Related
This is a cutout of my dataframe
I have a dataframe where i have two different variables that is found one year apart from each other. I would like to combine for exampel 2007 and 2008 to make one row with both variable and name it Denmark2007/8.
I have about 300 rows to do this with, and cannot find a command that will do this, and typing it mannually is not in the question
I have looked at everything from merge() and colsums, and i am lost
While one can debate whether a wide format data frame will be easiest to use in subsequent analysis steps, the tricky part of this request is that the names of countries may include multiple words. This means that a simpler solution like tidyr::separate() with sep = " " isn't feasible.
Here is a solution that uses length of each Country to extract the last 4 characters into a Year column, and everything before the final space as Country.

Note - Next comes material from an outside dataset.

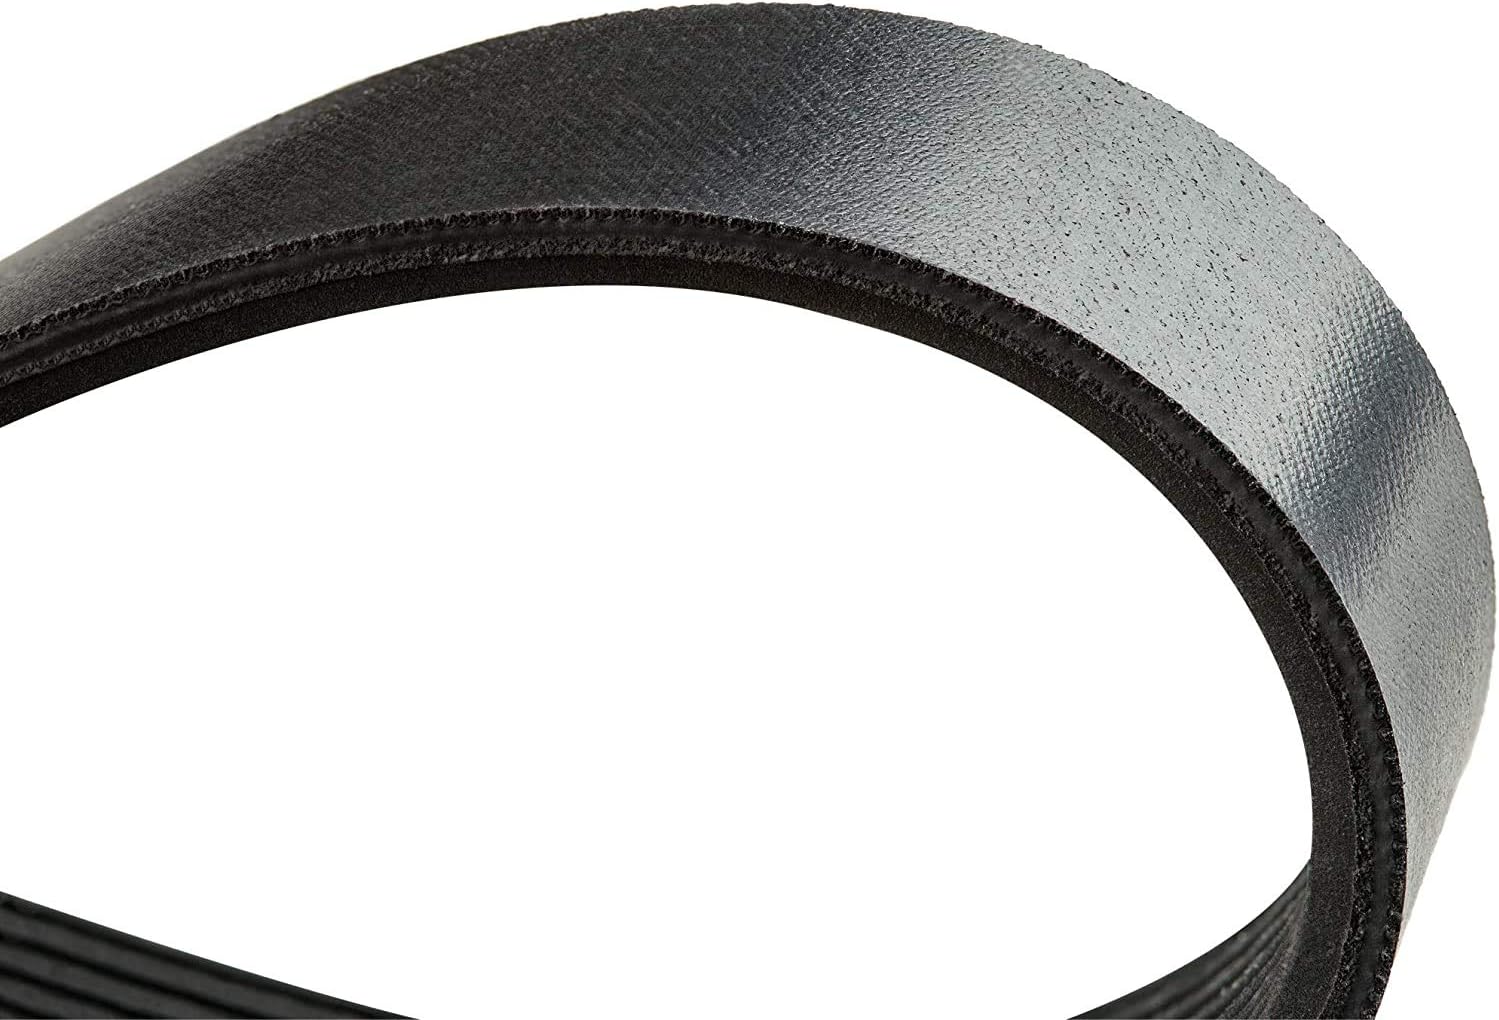 Hasmx 2-Pack 24" Length Drive Belts for Sears Craftsman Band Saw Models 119.224000, 119.224010, 351.224000 Replaces Part Numbers
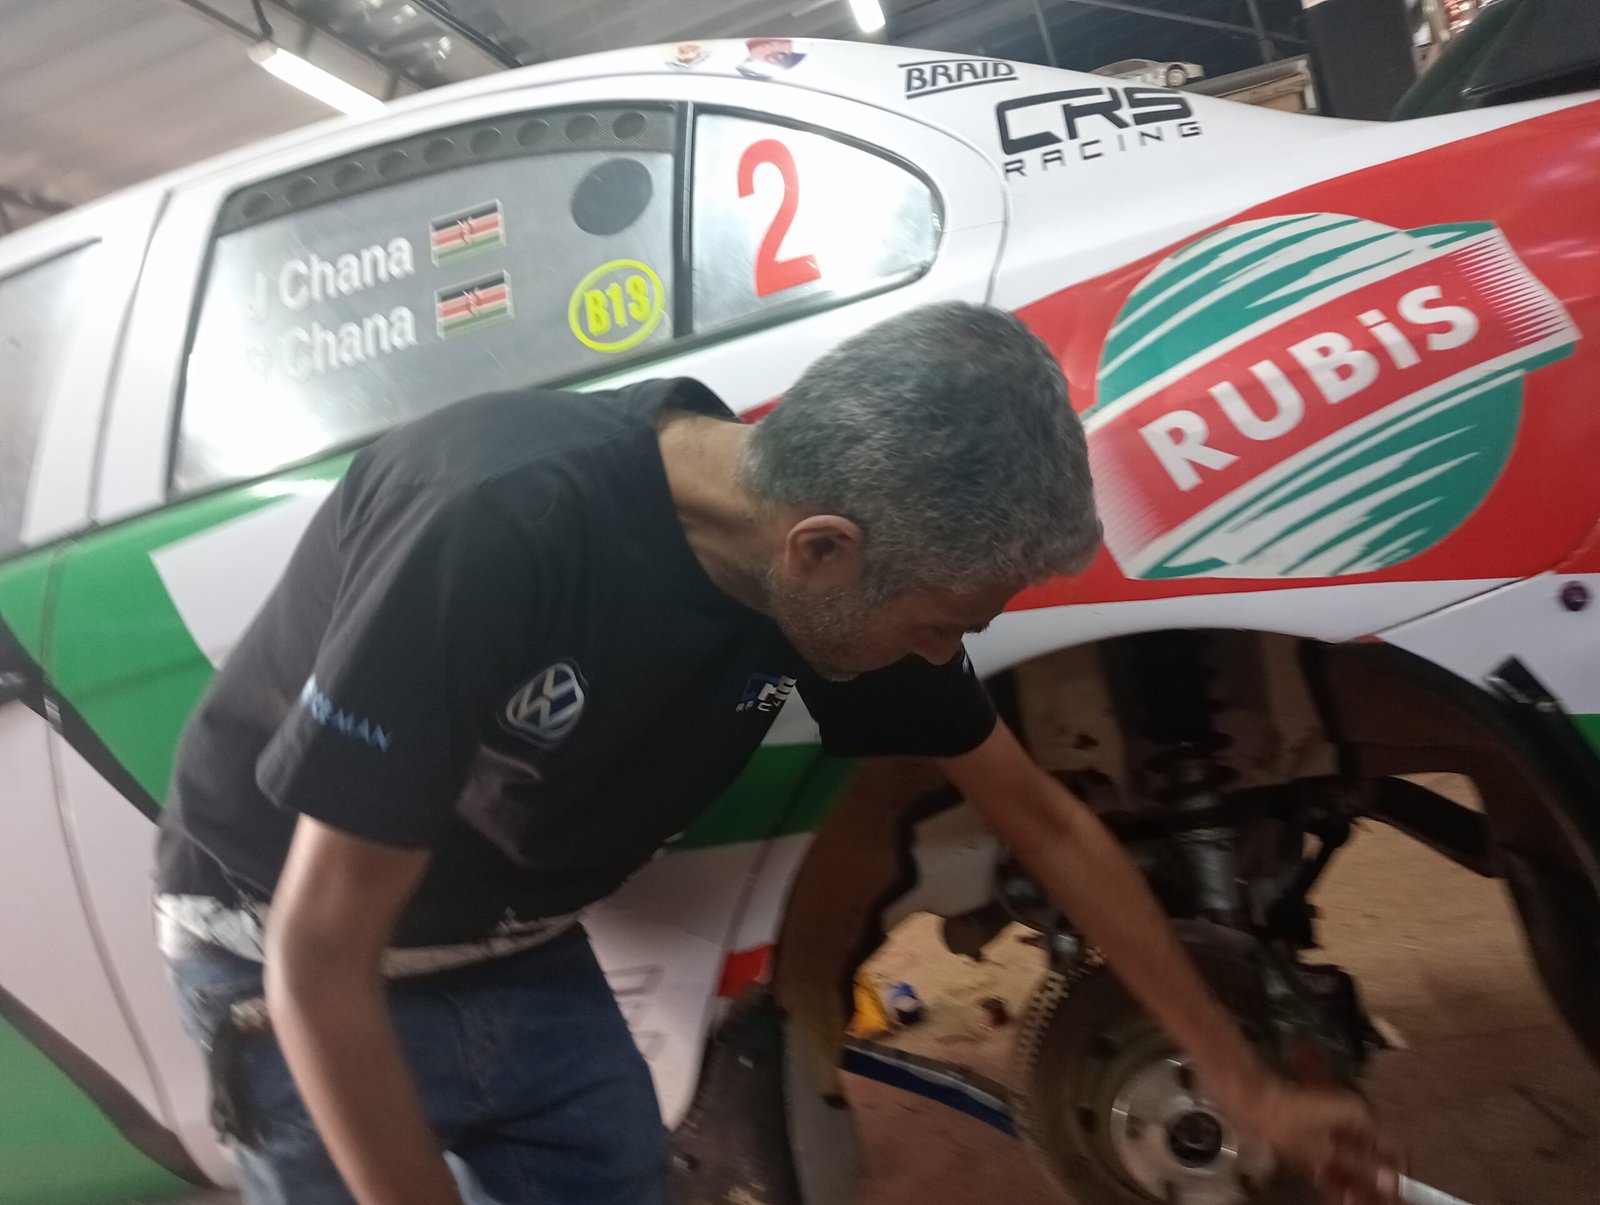 Jasmeet Chana working to prepare his vehicle for Bissil

For the purposes of this example, v1 represents the odd year data, and v2 represents the even year data.
Refactored Solution
After coding the tidyverse friendly answer (see below), I realized I could simplify the original solution by starting with the long form tidy data, splitting it into even and odd years, renaming columns and then merging by year.
First, we create data based on the graphic in the original post, and add a couple of rows for a country whose name includes multiple words.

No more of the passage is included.